Hacker News new | ask | show | jobs
by williamstein 1064 days ago
Maybe there is no source code? I imagine an LLM is like output of the following process. There's a huge room full of programmers that can directly edit machine code. You give them a random binary, which they then hack on for a while and publish the result. You then inspect it and tell them it isn't quite optimal in some way and ask them for a new version. Iterate on this process a bazillion times. At the end you get a binary that you're reasonably happy with. Nobody ever has the source code.
1 comments

Source code is the preferred form for development.

In your scenario, despite the unrealistic coding process, the machine code is the source code, because that's what everyone is working on.

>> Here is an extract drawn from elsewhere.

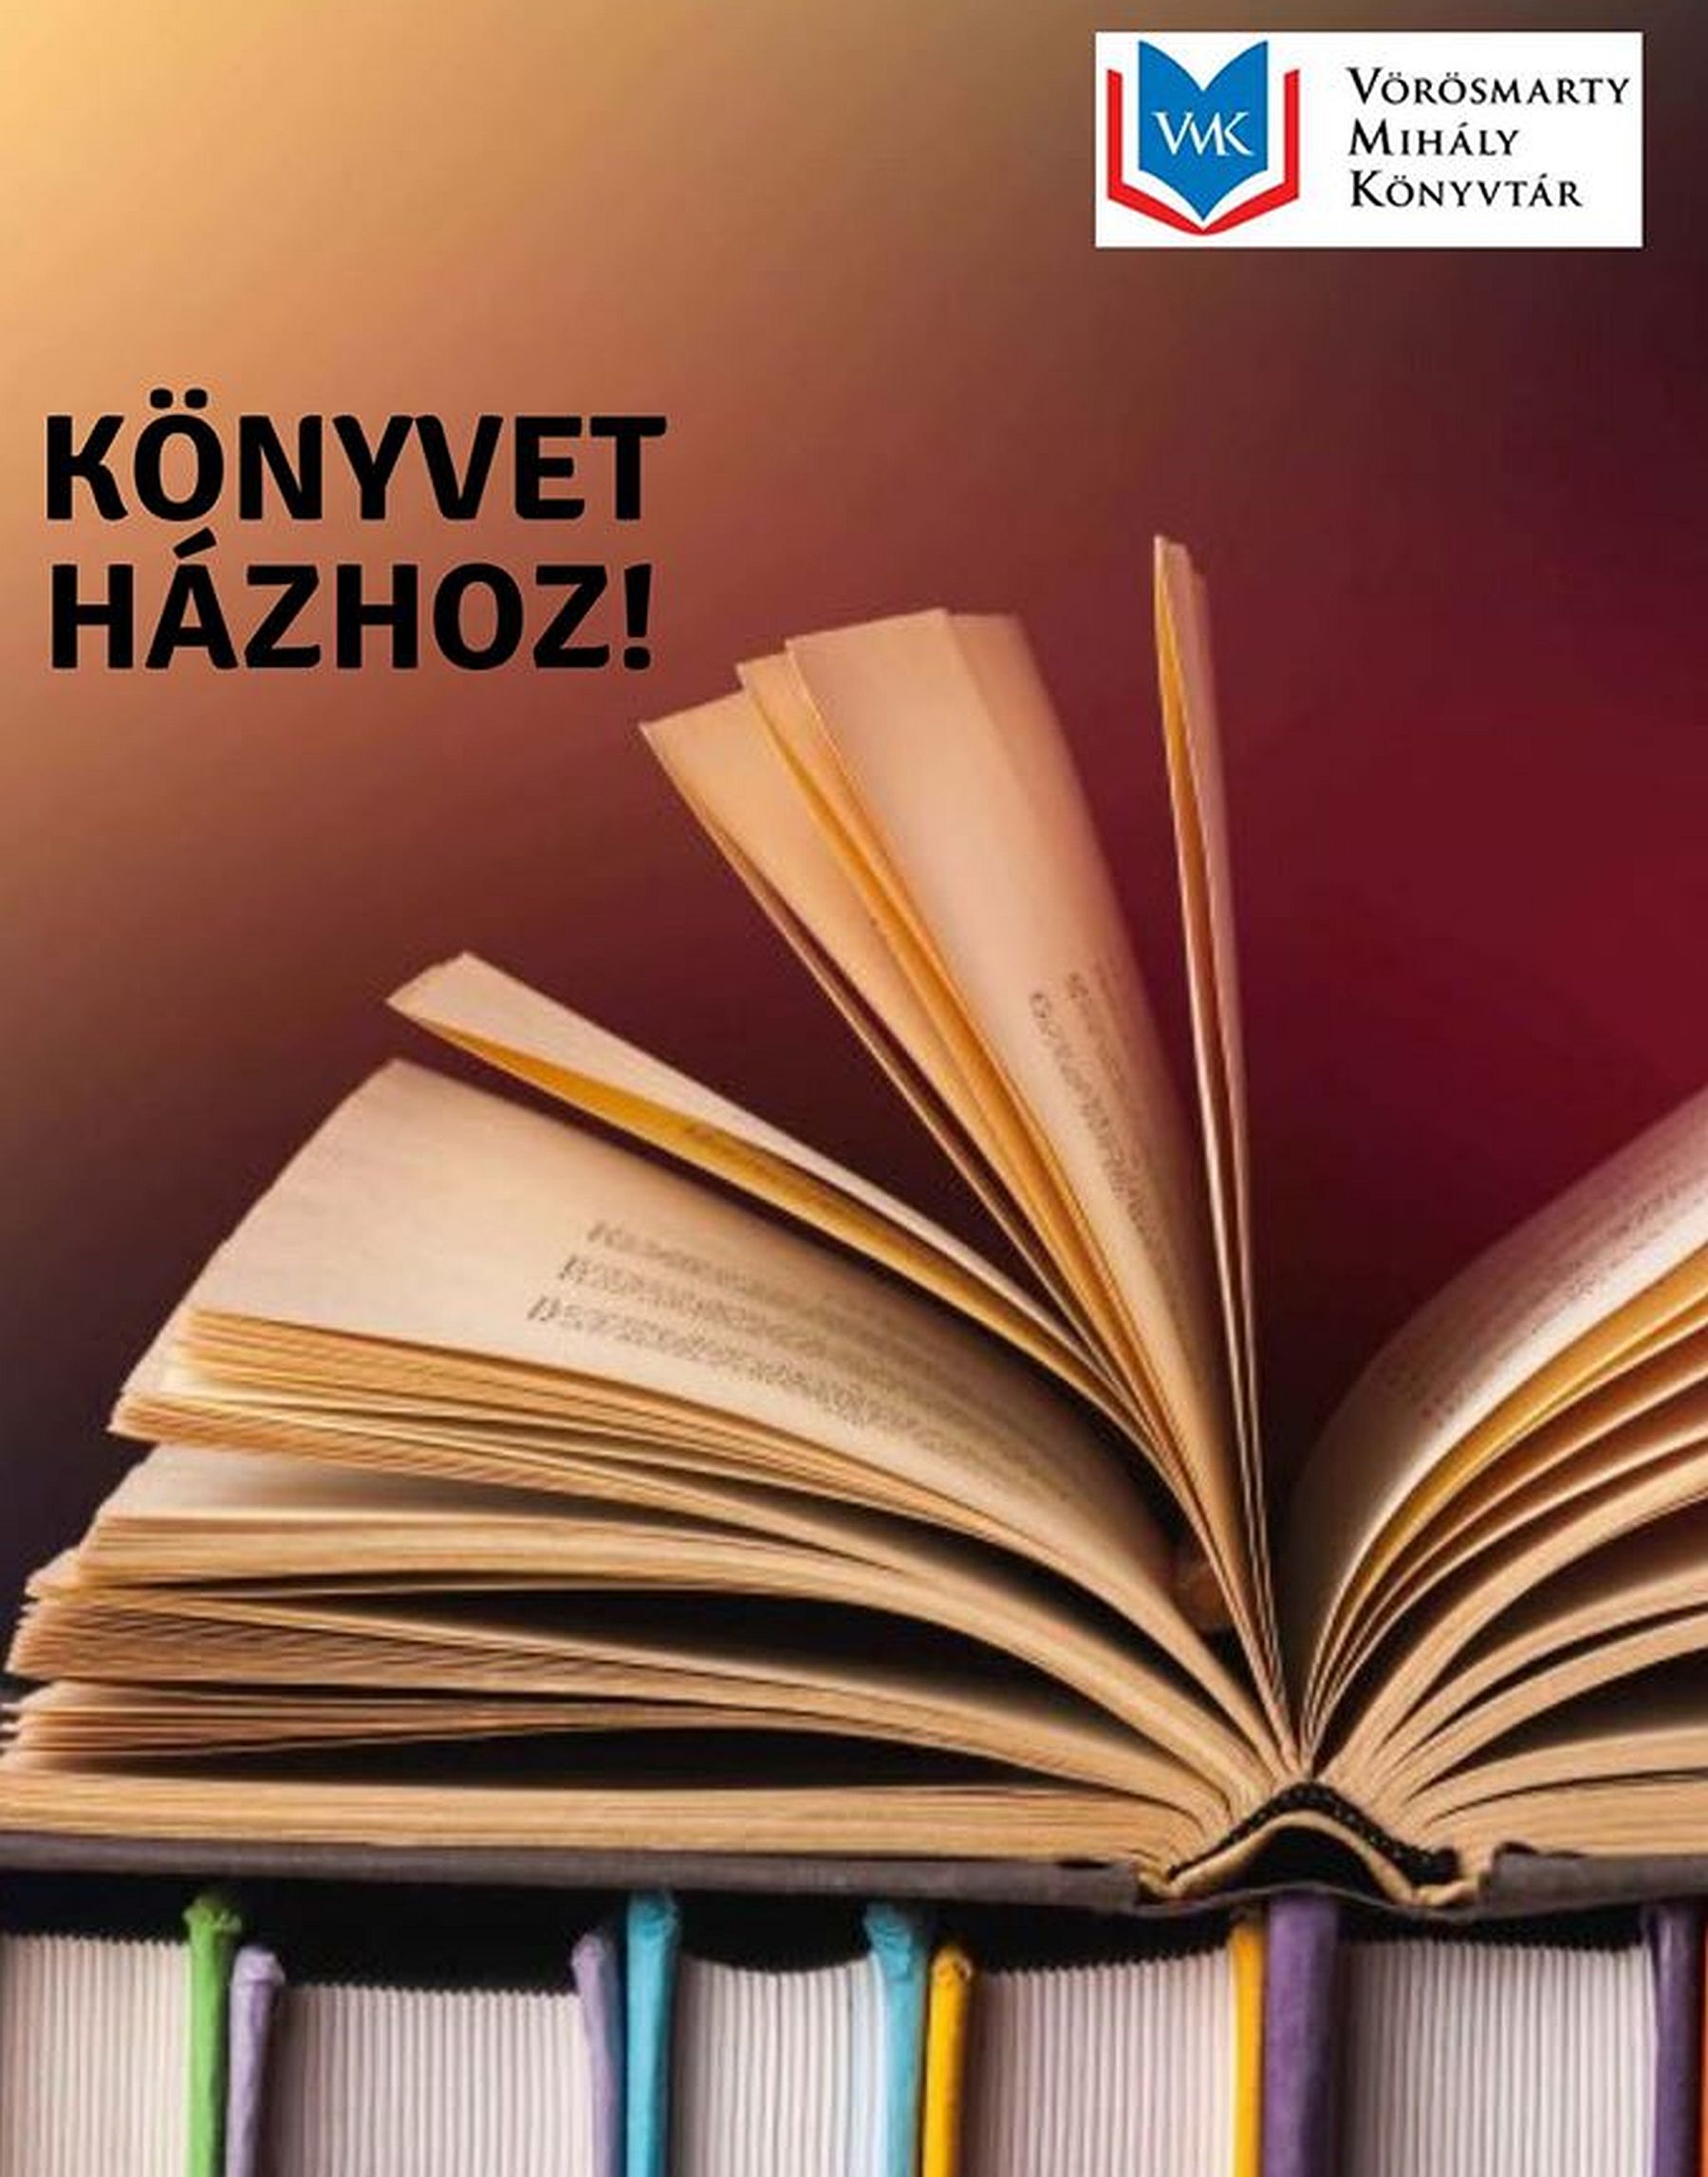 Könyvet házhoz! - új szolgáltatással segít a Vörösmarty Mihály Könyvtár

In the development of LLM, the weights is in no way the preferred form of development. Programmers don't work on weights. They work on data, infrastructure, the model, the code for training, etc. The point of machine learning is not to work on weights.

Unless you anthropomorphize optimizers, in which case the weights are indeed the preferred form of editing, but I had never seen anyone---even the most forward AGI supportors---argue that optimziers are intelligent agents.

What? You work on the weights - you just do it using tools like the optimizers, etc.

You release your weights, others can build on top of that, fine tune it in different ways, produce new weights they can share with others. Seems very OSS-y.

I feel like there is some semantic nitpicky point being made here that is completely going over my head.

By "work on", I mean "making direct edits". If we take broad definition of "work on", we lose all the distinction between source code and output. Any binary code is source code in any project, because the programmers simply is using tools to work on them, like the compiler.

For all practical purposes, if you are part of the team who released the LLMs, you would be writing and modifying the code of data processing, of the model, and of the training process. Those should be considered source code.

And we do have the model, which is pretty Oss-y, and which is why we can fine-tune the weights. But from a broader perspective, it's not fully Oss-y, because we don't have the code for anything else. There's no way to change, for example, how the training is done in the first place.

Agreed. Unfortunately it's those semantics that keep from losing lawsuits.